Sister Barber was rich and deep in the Lord, both in objective knowledge and in subjective experience.” She knew the Scriptures extremely well but her subjective experience was rich and full. She had good health, and by God’s grace she retained her youthfulness. She advocated being healed by God believing that God’s wonders and signs would follow us. She would not see a doctor or take medicine when sick, believing that every sickness was to be healed by God to testify that He is Almighty God. In daily living, Sister Barber learned to watch for God’s provision in very small things, even in one bar of soap or one hair clip. Her hair was blond, so it didn’t match her black hair clip, which was made in China. She prayed concerning this. Not long after, she received a blond hair clip from abroad.
Her last words on earth were shouting, ‘Life, life!’
These anecdotes from the life of Margaret Barber are quoted from James Reetzke: Margaret E Barber – A Seed of the Divine Life in China.
What I have just quoted is about as much as we known about Margaret Barber, apart from the scattered references to her spiritual potency in the writings of Watchman Nee. You see, the life of Margaret Barber did not amount to much on this earth, but the ramifications of her seemingly insignificant life are eternal. The ripples have spread and continue to spread far and wide.
Paul the apostle said that if there is no resurrection of the dead, then we are of all men the most miserable, and that our faith is futile. Christianity can only really be experienced on resurrection ground, beyond the death of something.
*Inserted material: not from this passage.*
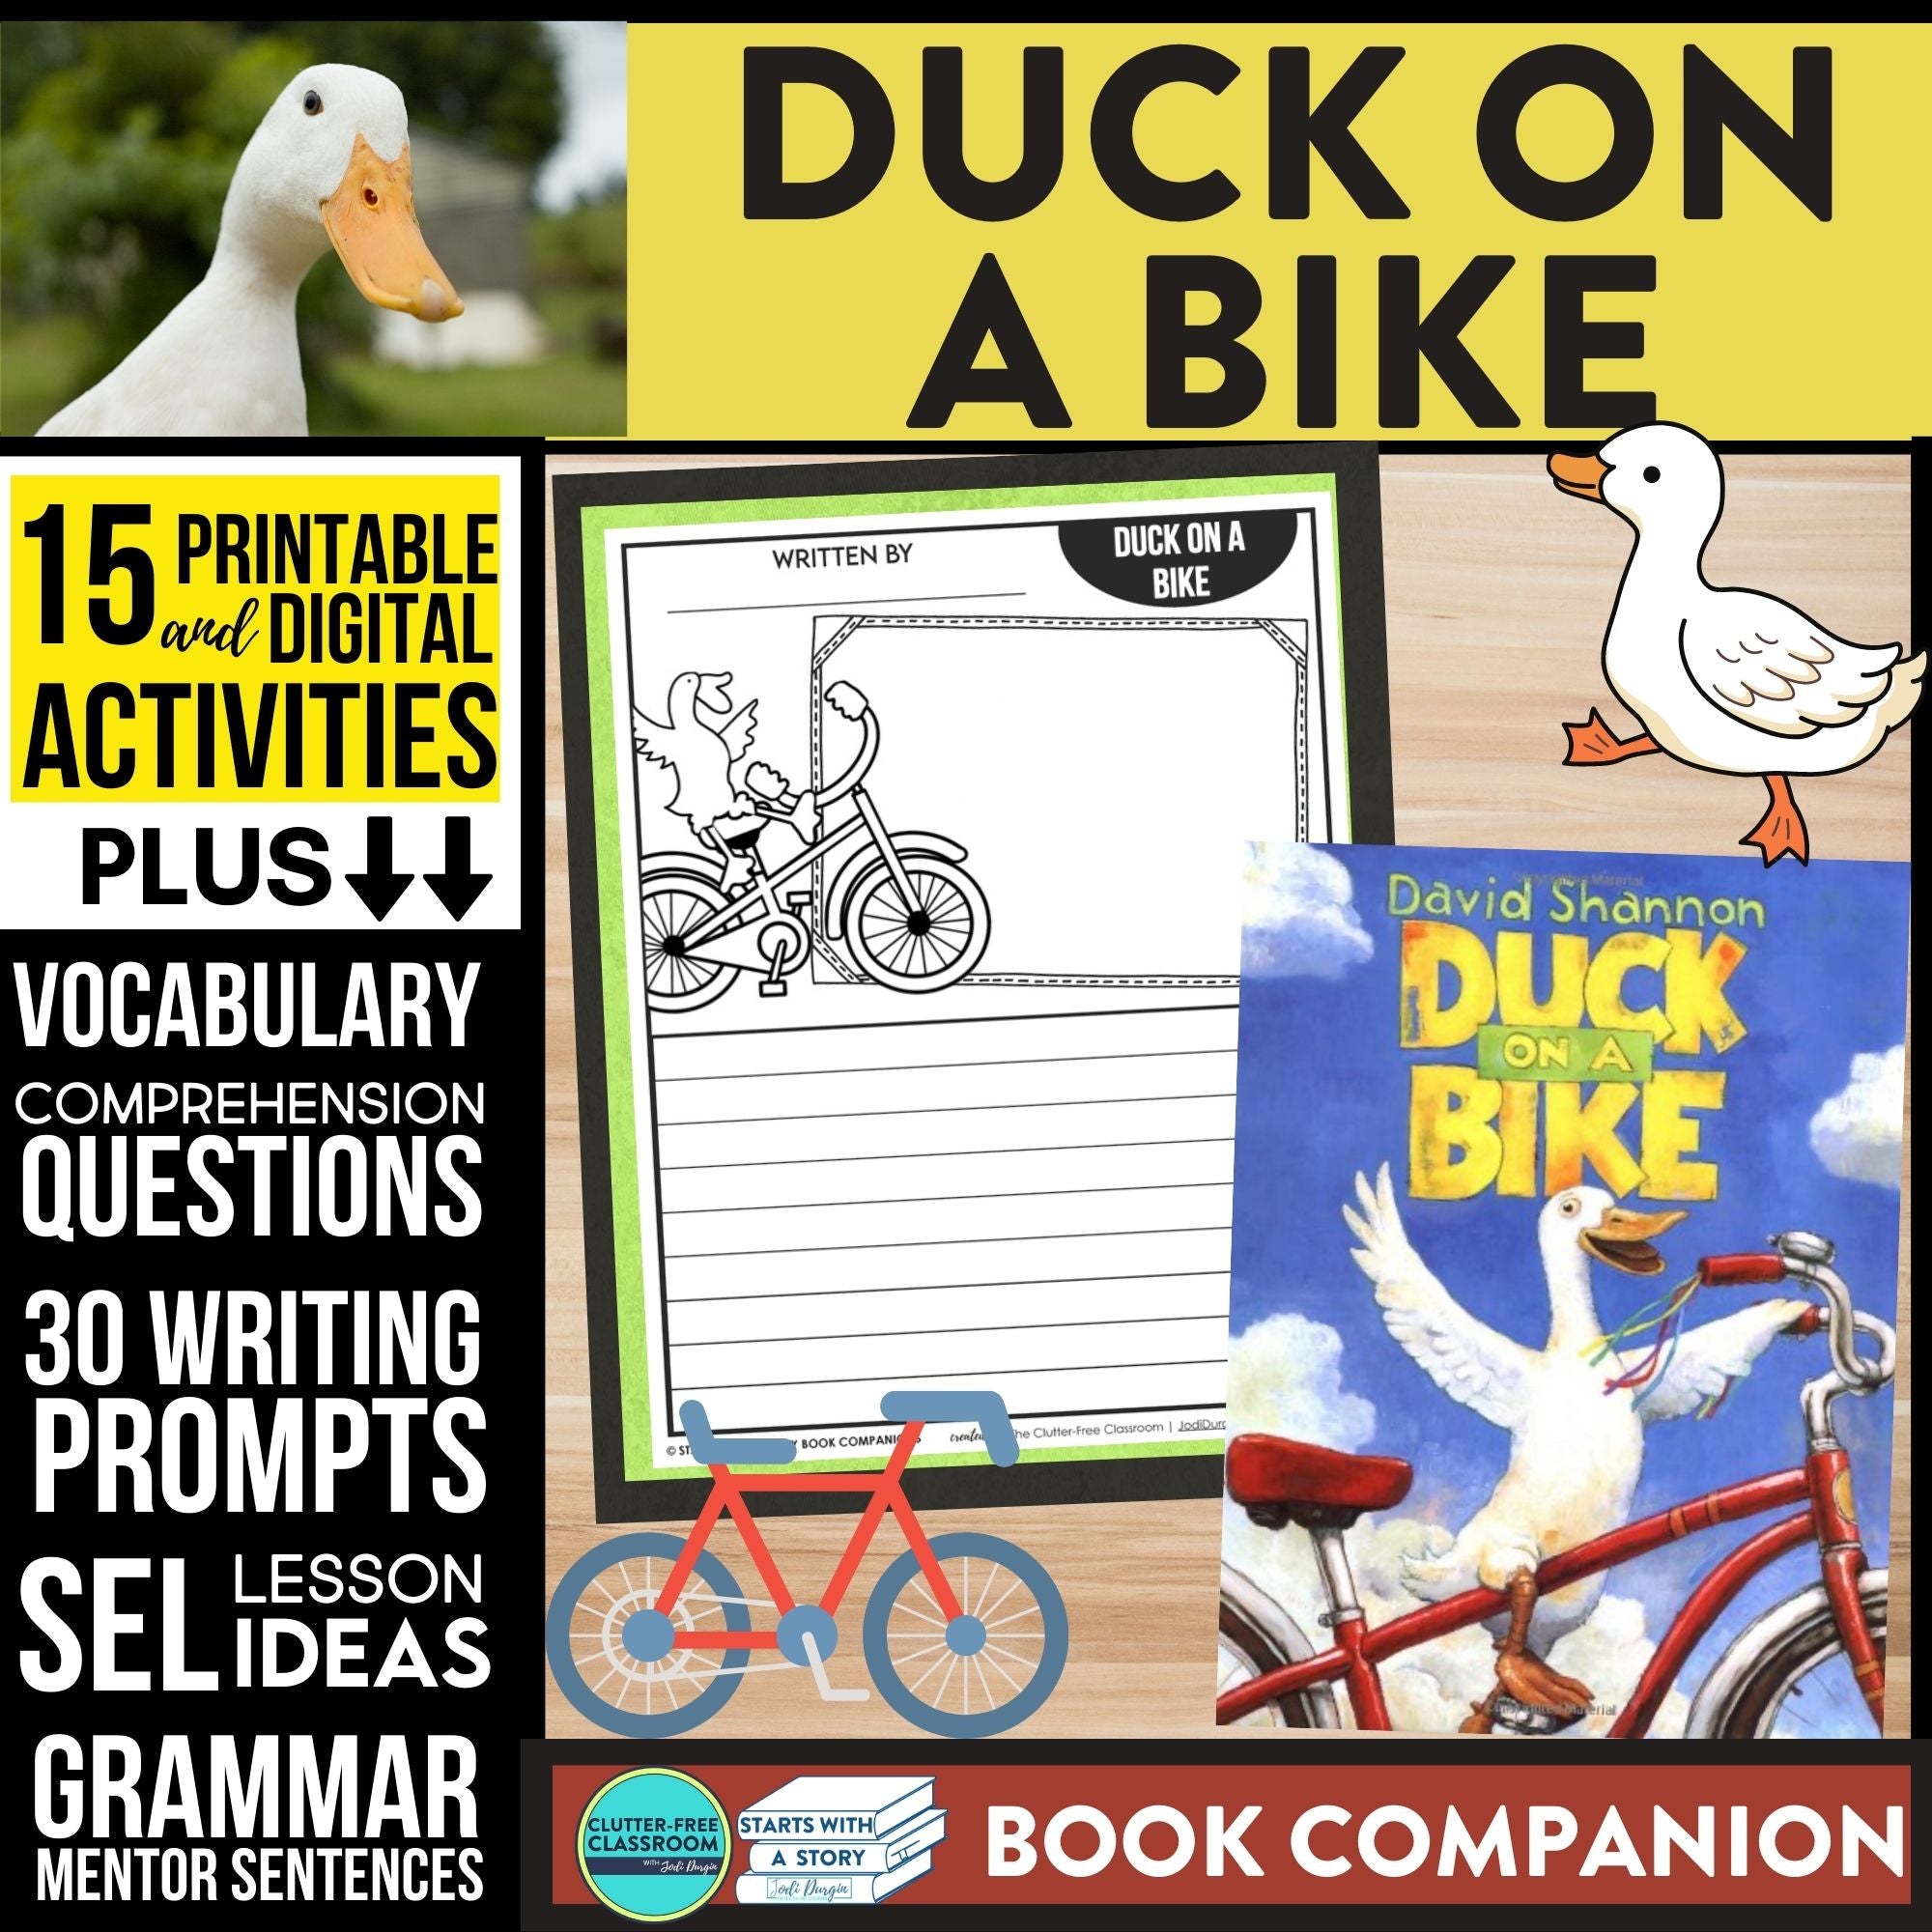 DUCK ON A BIKE activities and lesson plan ideas

All life in the cosmos is seed-life. In Genesis 1:12, God sowed seed and every seed brought forth fruit according to its kind. In 1 Corinthians 15: 35-49, Paul points out that we humans are also seeds who are sown by God into a deep soil, in order that fruit according to the kind of the seed will in future spring forth. What is sown will spring up. But sowing involves a burial in darkness. Seeds are comfortable with being sown. Seeds do not resist being sown into the moist earth, to lie dormant for a while until the Spring comes.
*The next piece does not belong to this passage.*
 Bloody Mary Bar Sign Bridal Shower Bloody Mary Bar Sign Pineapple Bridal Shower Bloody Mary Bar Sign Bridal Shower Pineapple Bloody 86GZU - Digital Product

Contemporary Christianity has lost the idea of being ‘from generation to generation.’ In orphan-ness there is no generation; no continuity from the distant past through the present to the future.
All Abraham needed to inherit the land of promise was a grave-plot. All he needed to have offspring as numerous as the stars in the sky or the sand of the sea shore was a child. Go outside tonight and, if you can, look up at the stars in the sky. That is your seed too. You are an eternal being, living in an eternal cosmic reality.
You are not alone. You are not the beginning nor the end. You are part of a family whose Father is the Creator of the Universe, beyond time and space.